There is a difference between pumping volume and pumping pressure.  In the ELSA example we have great pumping volume and tiny pumping pressure.  In the Cartesian Pump example the situation is reversed.  The head height is simply a measure of pumping pressure.  You can think of it as an analogy of electricity.  In the first example we have large amperage and low voltage, in the second we have big volts and low amps.

@ wizkycho,
I have added calculations of the total power generated in each cycle and it is disappointingly low compared to the energy required for recompression.  I don't know the energy that would be required for electrolysis but I imagine it would be greater than the energy generated by the cycle.  If you could calculate the energy required to produce 3 litres of H2O2 and the energy contained in that H2O2 then we might be able to evaluate your suggestion.

[FreeEnergy]

[hartiberlin]

@ Stefan and ResinRat2,

There is a difference between pumping volume and pumping pressure.  In the ELSA example we have great pumping volume and tiny pumping pressure.  In the Cartesian Pump example the situation is reversed.  The head height is simply a measure of pumping pressure.  You can think of it as an analogy of electricity.  In the first example we have large amperage and low voltage, in the second we have big volts and low amps.

Hi Pranja,
we could also have a SMALLER exit header tube going sideways under the water already.

So then we will have no problem to pump all the water through this small exit header tube and
thus have there also a lot of pressure inside this smaller diameter pipe.
This way we can avoid the hydrostatic paradoxon.

We can do this easily
by having the exit header tube turn sideways under the sealevel already, so
the buoyancy force of the shuttle can always press the whole water above it
into the small pipe, which drives a water pump or a syringe like piston inside the exit tube.

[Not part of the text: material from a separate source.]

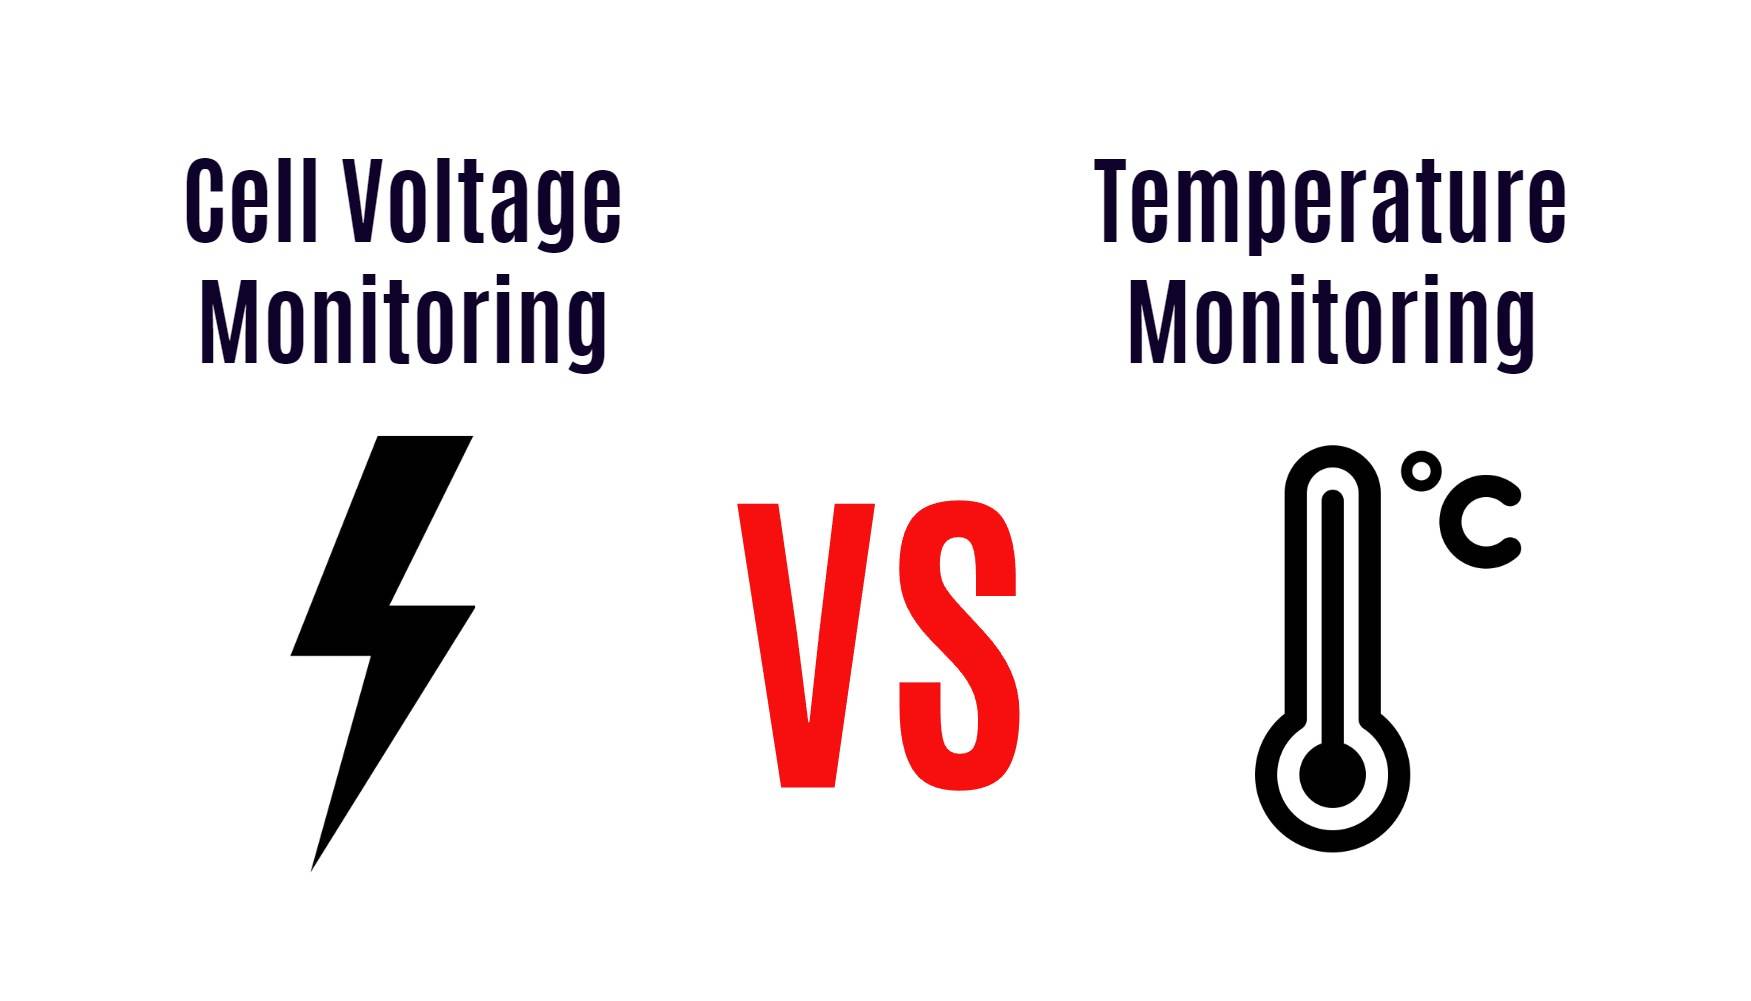 Cell Voltage Monitoring in BMS vs. Temperature Monitoring

If we go with a syringe like piston, we can have a look at it,
with how much force it moves and then calculate via multiplication
of the distance s  it moves the output energy W= F x s .

Now if we pull up with this syringe piston a weight,
we could use this later to recompress the shuttle
again.

Will this work ?

[prajna]

Stefan,

At the end of my Cartesian Pump (http://www.DeclarePeace.org.uk/elsa/buoyeng.htm) page I have calculated the energy required to recompress the shuttle and the energy generated by the sinking/buoyancy pumping cycle.  You can ignore all of the mechanics of how the pumping energy is used and just compare it to the recompression energy requirement.  It doesn't come close. So it makes no difference what scheme you come up with, it will never produce enough energy to recompress the shuttle (or compression chamber or whatever else you choose to use.)

I have even added a calculator that lets you change various parameters and then calculates the results (though I have yet to add a recompression section to it.)

[hartiberlin]

Hi Pranja,
for what case is the calculation there ?

I think,
if we stick with the original ELSA,
but just move the water inside a pipe sideways at seawaterlevel and
never go over seawaterlevel with it and
have a syringe piston in the exit tube, so the
piston will pull up a weight, which then
could recompress via leverage the shuttle,
it will indeed work.
When I have more time I will calculate it all through
with an example.

We just have to avoid the hydrostatic paradoxon only
and thus pump the water sideways out into an exit pipe
below seawaterlevel.
Then we will benefit from all the water that is pumped up
via the shuttle.